# Sleep and Dreams > Dream Gallery >  >  12/02/07  Mormon Sex Cult

## The Cusp

http://www.dreamviews.com/community/...&postcount=688


 *Mormon Sex Cult*
*Clarity*: 8/10
*Importance*: 3/10
*Sleep*: OK

 -I'm in my *high school* english class waiting for my turn to give an *oral presentation*.  It's almost 11 o'clock at night, and I'm the last one to go.  The teacher asks me if I'm willing to wait until tomorrow,  and I tell him no problem.  As the teacher leaves, there is one geeky student who appears to be living in the class room.  

The teacher leaves us alone in the class, and I notice several hot *Mormon girls*.  They are having *sex* with people in order to *convert* them to Mormonism.  Two girls are having sex with the geeky guy, and to my right, a black guy is having sex with *two girls at once*.  I'm hoping they will try to convert me as well, but the girls all seem to be busy.

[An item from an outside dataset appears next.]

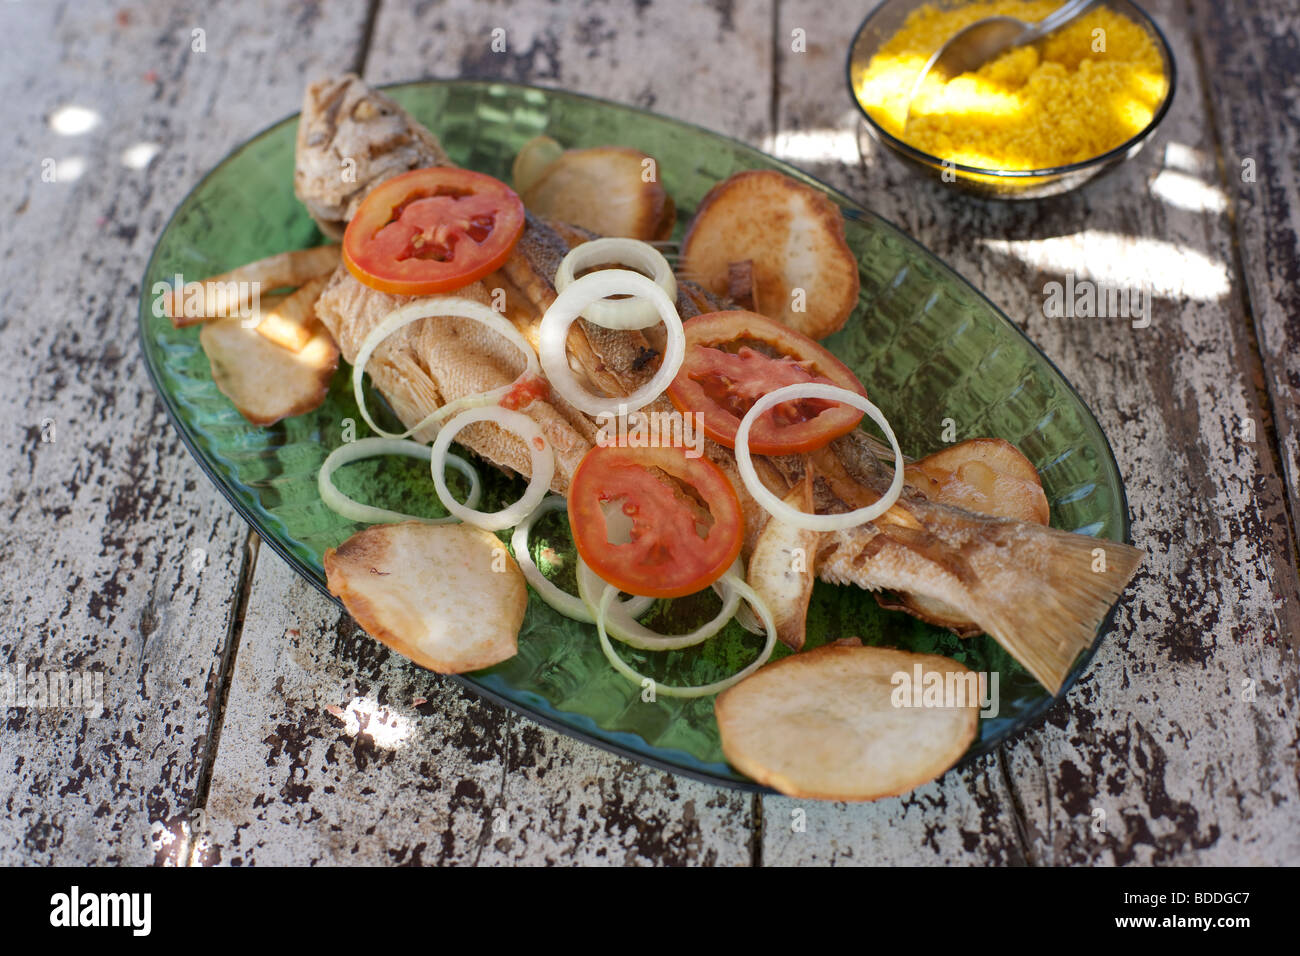 Whole fried fish with onion, tomatoes, potatoes chips and farofa Stock Photo

Just as I'm about to leave, the blond who was with the black guy comes up to me and asks if I'm interested in Mormonism, and I tell her *YES!!!!*   I'm a little disappointed there I only get one girl, but no sooner do I think that than another girl walks up to us.  "This is my... _assistant_." says the blond.

We're both standing, and she jumps up and straddles me.  She is very *dry*, and I only get the tip inside of her.  She begins bouncing, trying to force it in, but she's so dry, it's not working.  Every time she bears down on me, it hurts like hell, and I'm in danger of getting my penis bent.

She dismounts and walks out into the hall and begins to talk with *Kal-el* from Smallville.  He draws a star system and planet on the wall with his finger, and the blond asks him what that is.  "Just some planet, around some star..." he tells her nonchalantly.   "That's *Krypton*!" says the blond, and superman is very impressed someone else knows about it.  He's very close to being converted.

-I see a *pool of water* surrounded by equipment in an underground cavern.  Clear *crystals* break the surface of the water and grow downwards towards the bottom of the pool, until it looks like Superman's *crystal fortress.*

Once the crystals are fully formed, and *energy beam* shoots down from above and hits a man, who begins to *convulse* with his fists clenched.  Some sort of powerful *entity* is entering his body.

Just as the transfer is about to complete, Clarke Kent runs up and hits him with an uppercut, knocking the energy out of the guys body.  It flies out in a glowing ball.

A Mormon woman activates an *explosive device* in the cave to destroy any evidence of what they were up to, since their plan failed.  She runs out of the cave as the timer *counts down*.

-Clark Kent runs into the classroom, and tells us all we have to get out, because the explosion will destroy the class room.  *"You dick!"* I say to him, "Way to ruin a good thing!"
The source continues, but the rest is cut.